日本のクリスマスイルミネーションの先駆けは、高級スーパーの明治屋(東京・中央)とされる。創業者の磯野計(はかる)がイギリス留学の体験をもとに、横浜から銀座に進出した1900年(明治33年)に始めた「クリスマス飾り」だ。

当時の具体的なデザインは不明だが、大正時代の店頭の写真が残っている。瀟洒(しょうしゃ)な建物に「MERRY XMAS」の文字。その上で、サンタクロースを描いたとみられる看板が来店客を迎える。導入した当初から年末の大売り出しとセットだった。

「明治屋のクリスマス飾り灯ともりて煌(きらび)やかなり粉雪降り出づ」。明治から大正期に活躍した歌人、木下利玄の歌は、後に高校の教科書にも載った。銀座の冬の風物詩を一目見ようと遠方から足を運ぶ人も。人気にならって周りの店もクリスマス飾りを始めるようになった。

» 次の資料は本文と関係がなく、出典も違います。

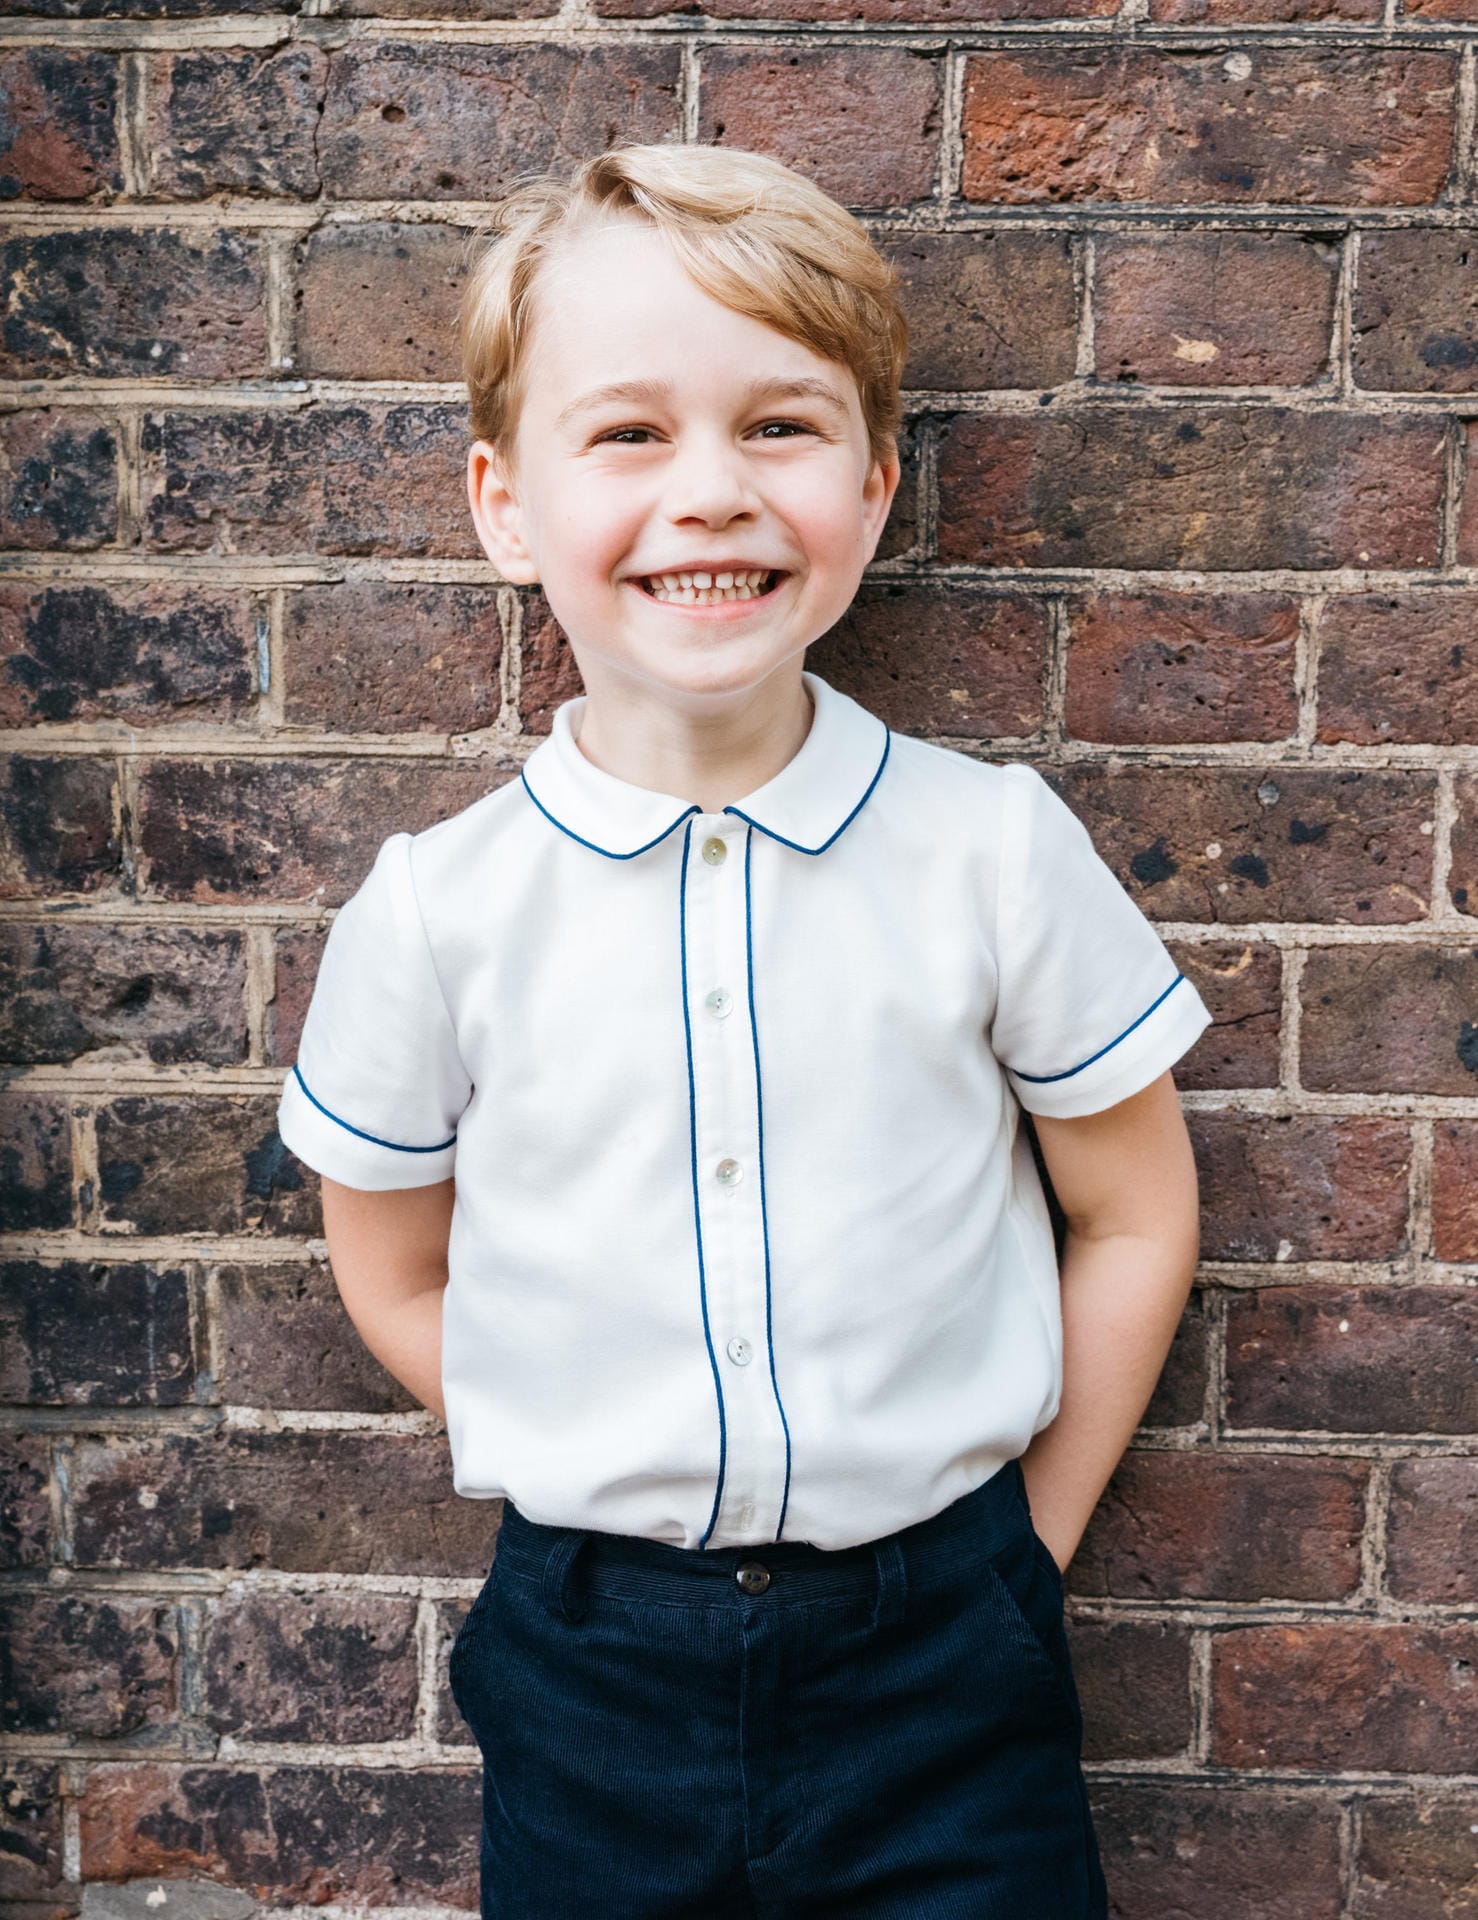 Rüber nach England: Prinz George ist das älteste Kind von Prinz William und Herzogin Kate. Der am 22. Juli 2013 geborene Junge steht hinter seinem Großvater Prinz Charles und seinem Vater an dritter Stelle der britischen Thronfolge.

それから1世紀。1995年に始まった「神戸ルミナリエ」などをきっかけに、街全体の活性化や観光客へのアピールを狙った大がかりなイベントも増えた。日本イルミネーション協会(大阪市)によると、十数年前からは白熱灯より消費電力が少ない発光ダイオード(LED)が主流に。最近は足で踏むと光ったり、手をたたくと色が変わったりする「参加型」が人気だという。

明治屋の銀座ストアーは2007年に閉店。1世紀以上続いた歴史は約500メートル離れた京橋ストアーが引き継いだ。今年もシャンパンゴールドの柔らかな光が師走の街を照らし、道行く人々にちょっぴり幸せな気分を届けている。

銀座・京橋のイルミネーション 明治屋京橋ストアーがある「京橋エドグラン」は高さ12メートルのクリスマスツリーと約5万球のLEDを飾る。「東京スクエアガーデン」も電飾をする。銀座では2011年から続く「ヒカリミチ」と題したイベントが開催中。中央通りと晴海通り沿いの街路灯に、花かごのようなイルミネーションをつり下げる。「ミキモト」本店のツリーも有名だ。